Once I received the gloves the next hurdle required a little research.  Since the gloves contain a number of different materials in the construction, getting the coloring right was going to be tricky.  There’s neoprene, leather, artificial leather, and plastic.  I knew the hardest would be the neoprene and the most difficult would be the leather.  Let me clarify.  Neoprene is designed to be resistant to chemicals and liquids.  This means getting it to accept some type of chemical solution to change its color would be insanely hard.  It’s just designed to prevent that.  Meanwhile leather requires chemicals to remove protective coatings, chemicals to change the color and then more chemicals to protect the new color.  All administered by hand.  While it may not be particularly hard work, it’s still work.
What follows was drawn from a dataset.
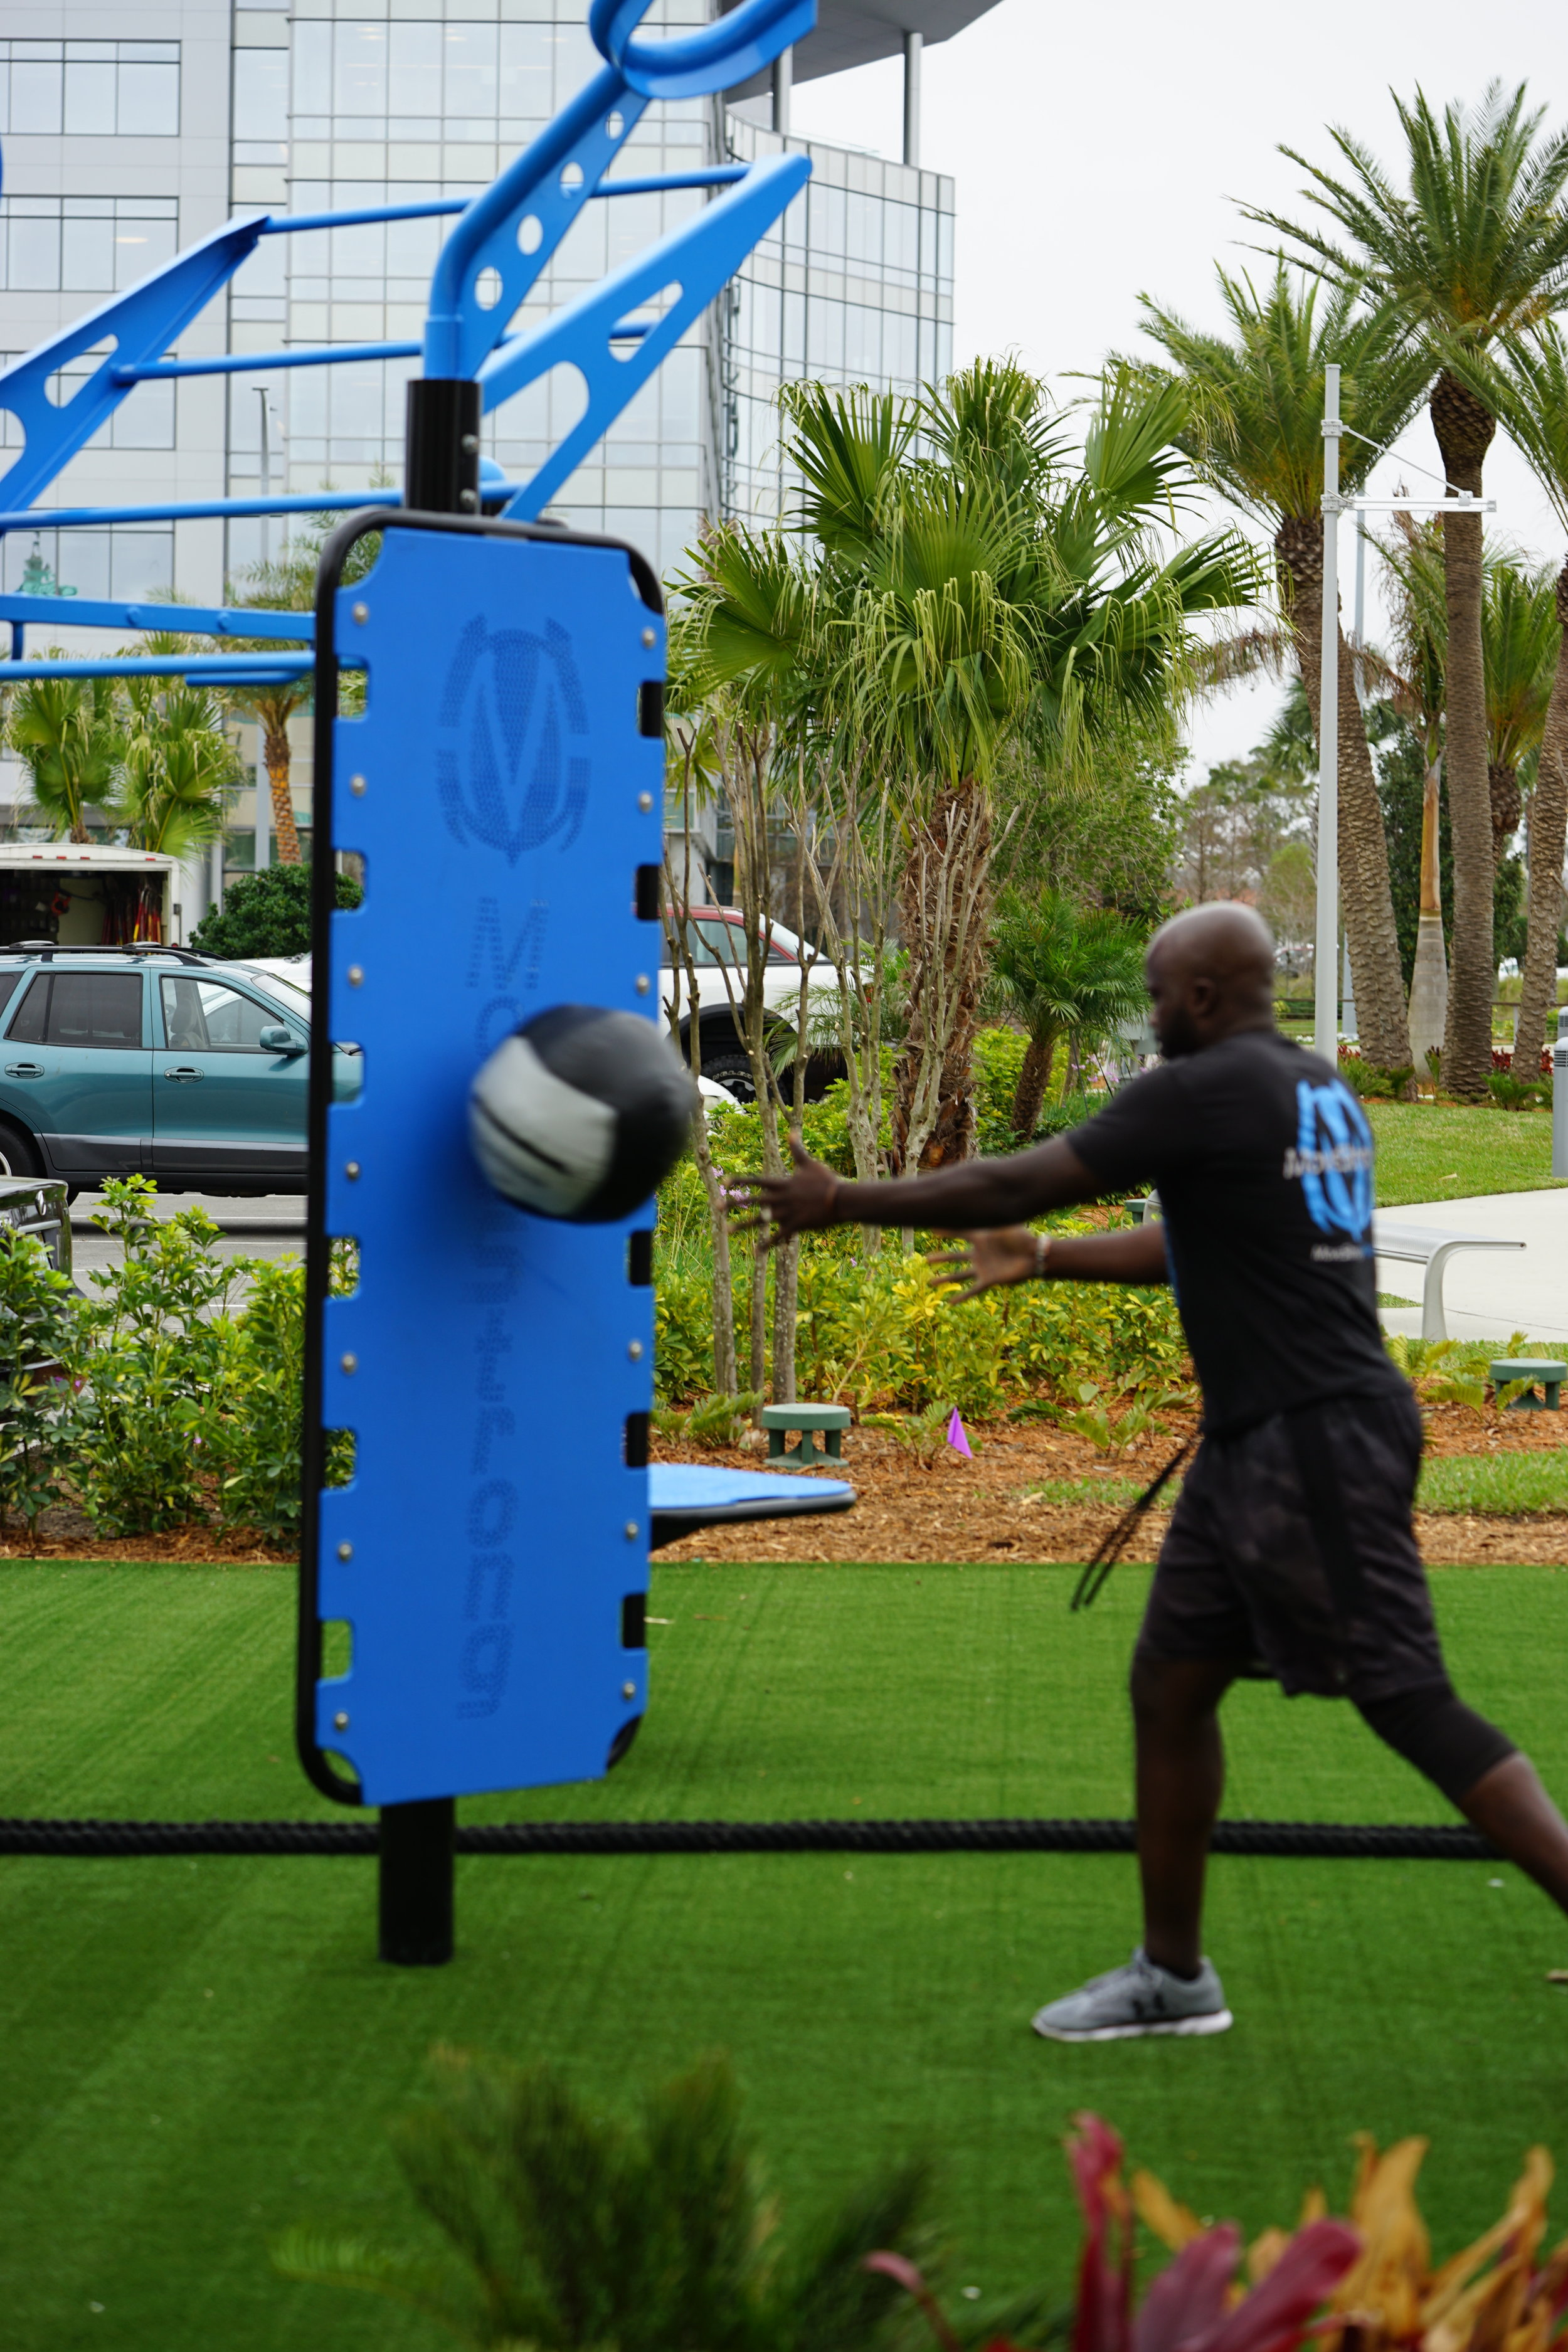 Medidince Ball throws

The first thing I did was use a deglazing solution to remove the protectant coating on the leather.  If I had it to do over I would not have bothered.  The fumes where incredibly overwhelming.  In the short time that I had the bottle open and was applying it to the leather I became light headed.  And I only deglazed the leather on the back of the gloves.  The leather/suede palms were untouched.  The fumes were so strong that I did a pretty half assed job of deglazing the second glove.  I was more concerned with getting the bottle closed and the air cleared before I wound up drooling on the floor.

This is where the wishful thinking comes in.  After the deglazing I threw the gloves into the pot with my pants and shirt to be dyed yellow.  I didn’t have a lot of hope for this because of the materials but I figured I had a second pair available so I could experiment on this on.  The only part of the gloves that accepted the color was the leather.  The palms and the back of the gloves came out an acceptable yellow.  The stitching, ironically, remained white.  The remainder of the gloves remained white.  I had hoped the nylon type webbing would have accepted the color as well.
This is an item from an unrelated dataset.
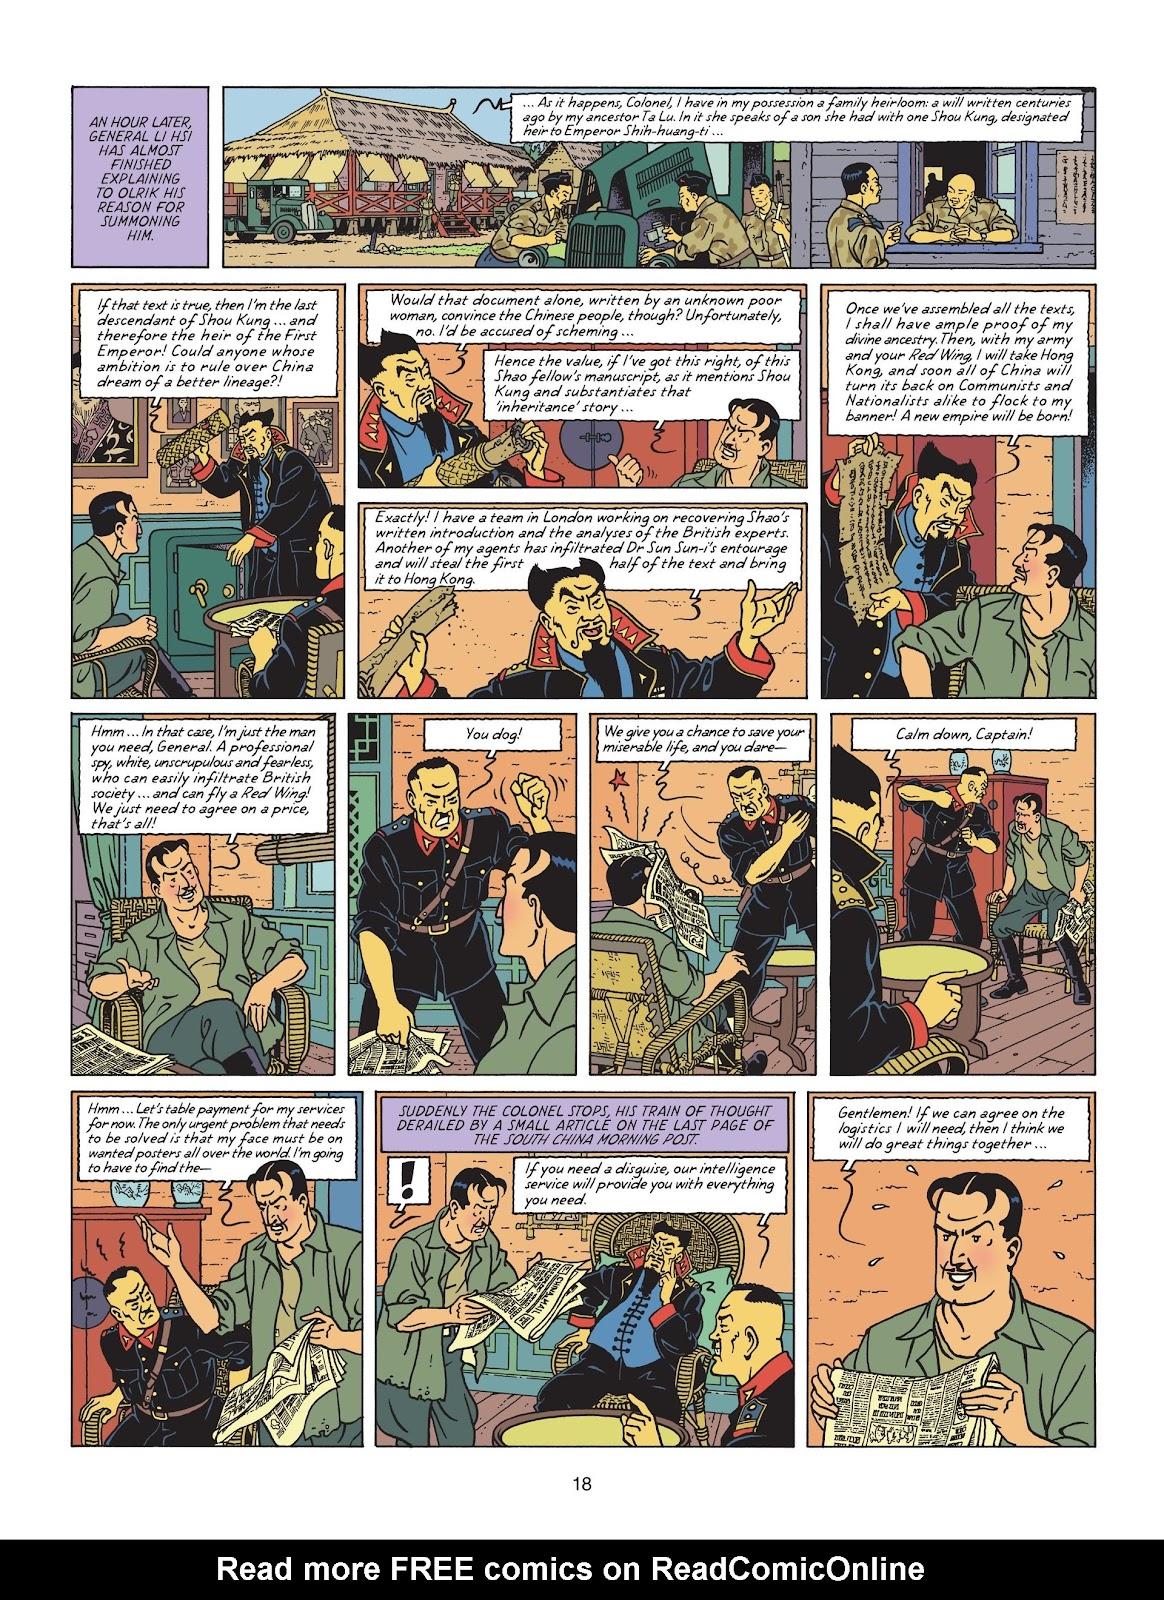 Read online Blake & Mortimer comic -  Issue #25 - 20

With a large percentage of the gloves left to turn yellow I turned to the internet for ideas.  After several google searches I could only find one real suggestion for changing the color of neoprene.  Sharpies.  Yeah, sharpies.  Most of these sharpie suggestions also came from diving sites.  Since divers tend to wear neoprene diving suits I was reluctant but willing to defer to their greater knowledge of the material.  So after several drinks one night I grabbed my yellow sharpie and started coloring.

"Dying" process
“Dying” process

I was extremely happy with the results.  While not perfect I am more than satisfied with the finished product.  The yellow of the sharpie and the dye are different hues but I don’t think this is an issue.  The webbing, when worn, shows some uneven coloring.  There are areas of darker ink saturation and other areas that appear lighter because of lower ink saturation.  The rubber and the neoprene colored extremely well.  Those divers seem to know what they’re talking about.

As I mentioned before, if I had it to do over I would not bother with deglazing and dying the leather.  Given how well the sharpie worked I might think about leaving the leather white or coloring it with the sharpie as well.  I am concerned with streaking the leather in this manner.
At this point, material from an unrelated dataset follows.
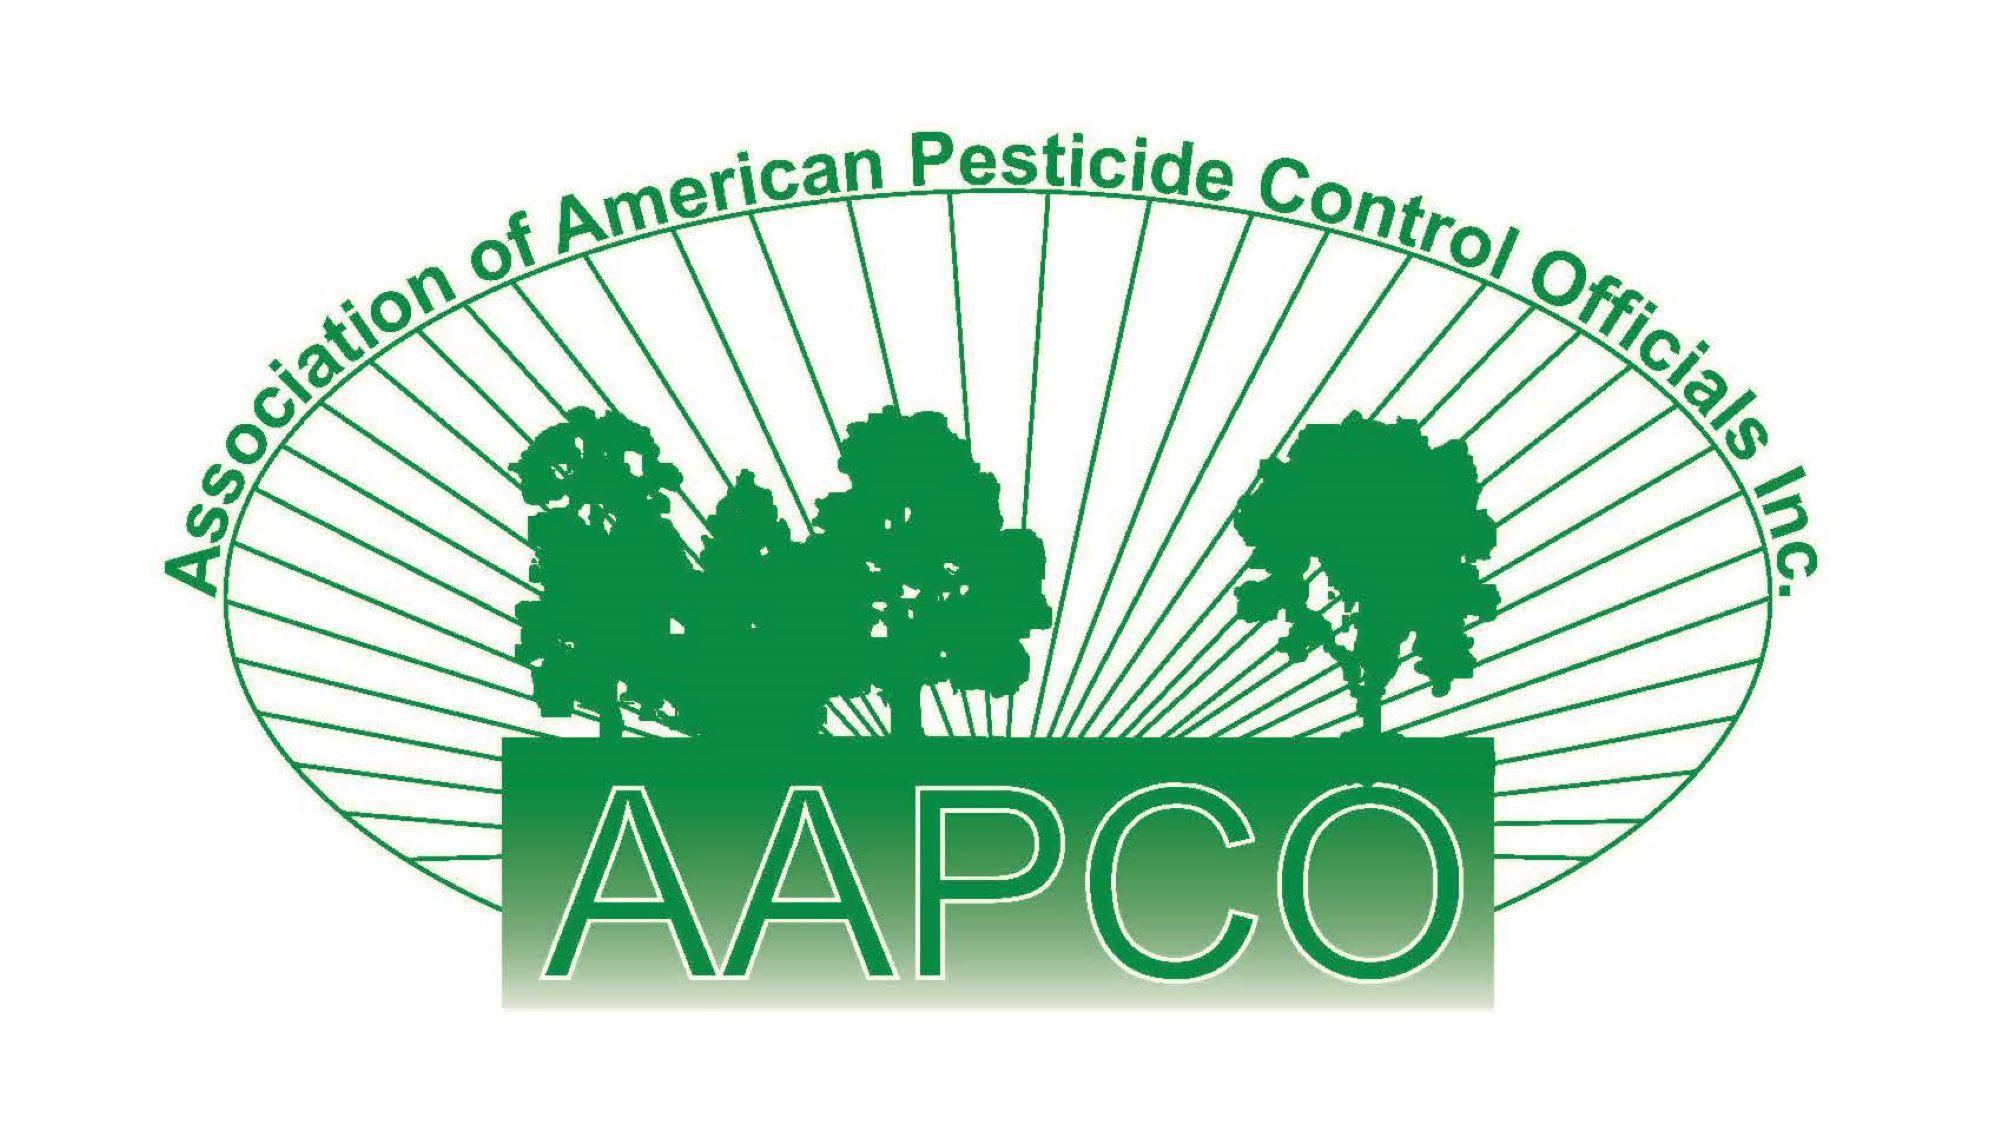 AAPCO, American Association of Pest Control Officials

I am beginning to think that Sharpies are a cosplayers best friend.  Using them on the gloves, while the most extensive, is certainly not the last time I used their color changing capabilities.  While sewing a patch onto a jacket I used a thread that only matched part of the patch.  As I was sewing by hand this was hardly a perfect job.  Once I finished I used a sharpie to color the thread to match the corresponding area.  Making the work less visible and the costume more aesthetically pleasing.  I can see them being used to touch up colors in other fabrics, leathers and latex where normal wear creates scuffing or chipping.  Given the price I think purchasing a set with a variety of colors would be useful to anybody starting out.